DGCA stated probable cause as:

“Non-adherence to pre-landing checklist and disregard of cockpit warning ‘Landing Gear Not Extended’ by the crew led to the gear-up runway contact. Human factors were contributory.”

Note this carefully
  • Nothing exotic failed. The barrier that failed was discipline, not hardware.
  • This is why investigators treat checklist culture and cross-monitoring as safety defences, not “formality.”

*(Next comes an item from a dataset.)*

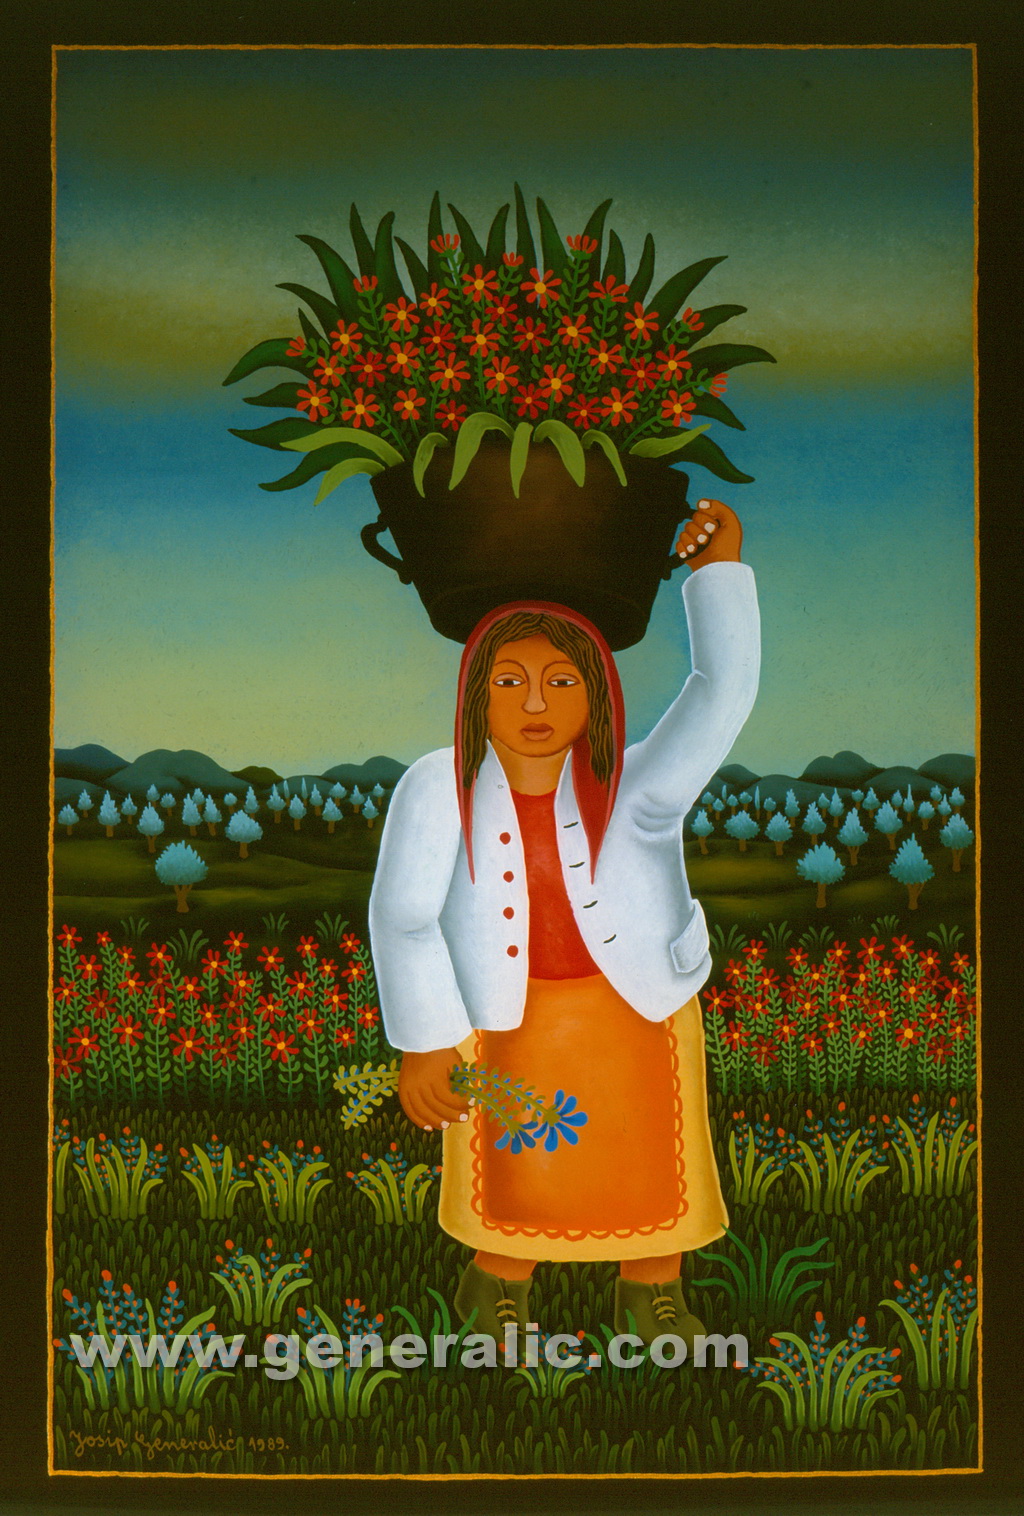 Josip Generalic, 1989, Woman with flowers, oil on glass

Lessons for ATC / Ops Apply to us

  Controller Takeaways Reflection

“This was cockpit, not tower.” Yes — but human factors are the same people-problem we live with in TWR/APP/ACC every shift:

  • High workload tunnel vision: During unusual / emergency / simulation, ATCOs may fixate on one task (e.g. one inbound with fuel emergency) and forget a standard call to someone else. Same pattern.
  • Checklist skip under pressure: You “know” Crash Bell has to be ≥60 sec, you “know” to call AOCC/WSO/MLU — but in a real sudden event, if you don’t read it off a known block, details get lost.
  • Assumption that ‘the other guy is watching’: We assume Assistant / Supervisor / Planner is catching anything we miss. In reality, they’re also saturated at that exact moment.
  • Old habit vs new procedure: After transfer from another unit, or shift on a different position, you may apply yesterday’s habit in today’s console. Exactly like skid-gear vs retractable-gear habit in VT-PHO.

So this is not a “helicopter problem”. This is a human cognitive loading problem. Same brain, different workplace.

  Map It To ATC Reality
1. Busy period / abnormal situation in TWR or APP → You get task-saturated
2. You assume your standard checklist is “obvious” → You don't actually read it
3. Supervisor is also busy → Cross-check / challenge doesn’t happen
4. A routine safeguard (like Crash Bell duration, ARFF call, runway occupancy warning) is missed
5. Outcome still safe? maybe Outcome reportable? definitely Outcome career-impacting? possibly

Recommendations Prevention

  Good Practice Going Forward COMPLETE
Do not “compress” standard calls just because it's training.
Training is not a licence to skip SOP steps.
Stage / brief simulations.
Don’t introduce simulated failures exactly at the point where routine safety checks (gear down / crash bell / ARFF alert / strip marking) must happen.
Speak the checklist out loud.
“Gear down, three green.” “Crash bell sounded, ≥60 seconds.” “AOCC / ARFF / WSO informed at time ____.” Saying it out loud forces both people to hear the safety barrier.
Challenge each other.
If you are the monitoring pilot / planner / WSO and you do not hear the call-out, you ASK. Silence = NOT DONE.
Respect human limits.
Workload saturation is physics, not ego. When load spikes, brains drop steps. That is exactly why procedures exist: to hold the line while you are busy saving the situation.
One-line takeaway

“Nothing was wrong with the helicopter. The only thing that failed was ‘We Forgot.’”
Our job in ops and ATC is to build systems that do not allow “We Forgot” to go unnoticed.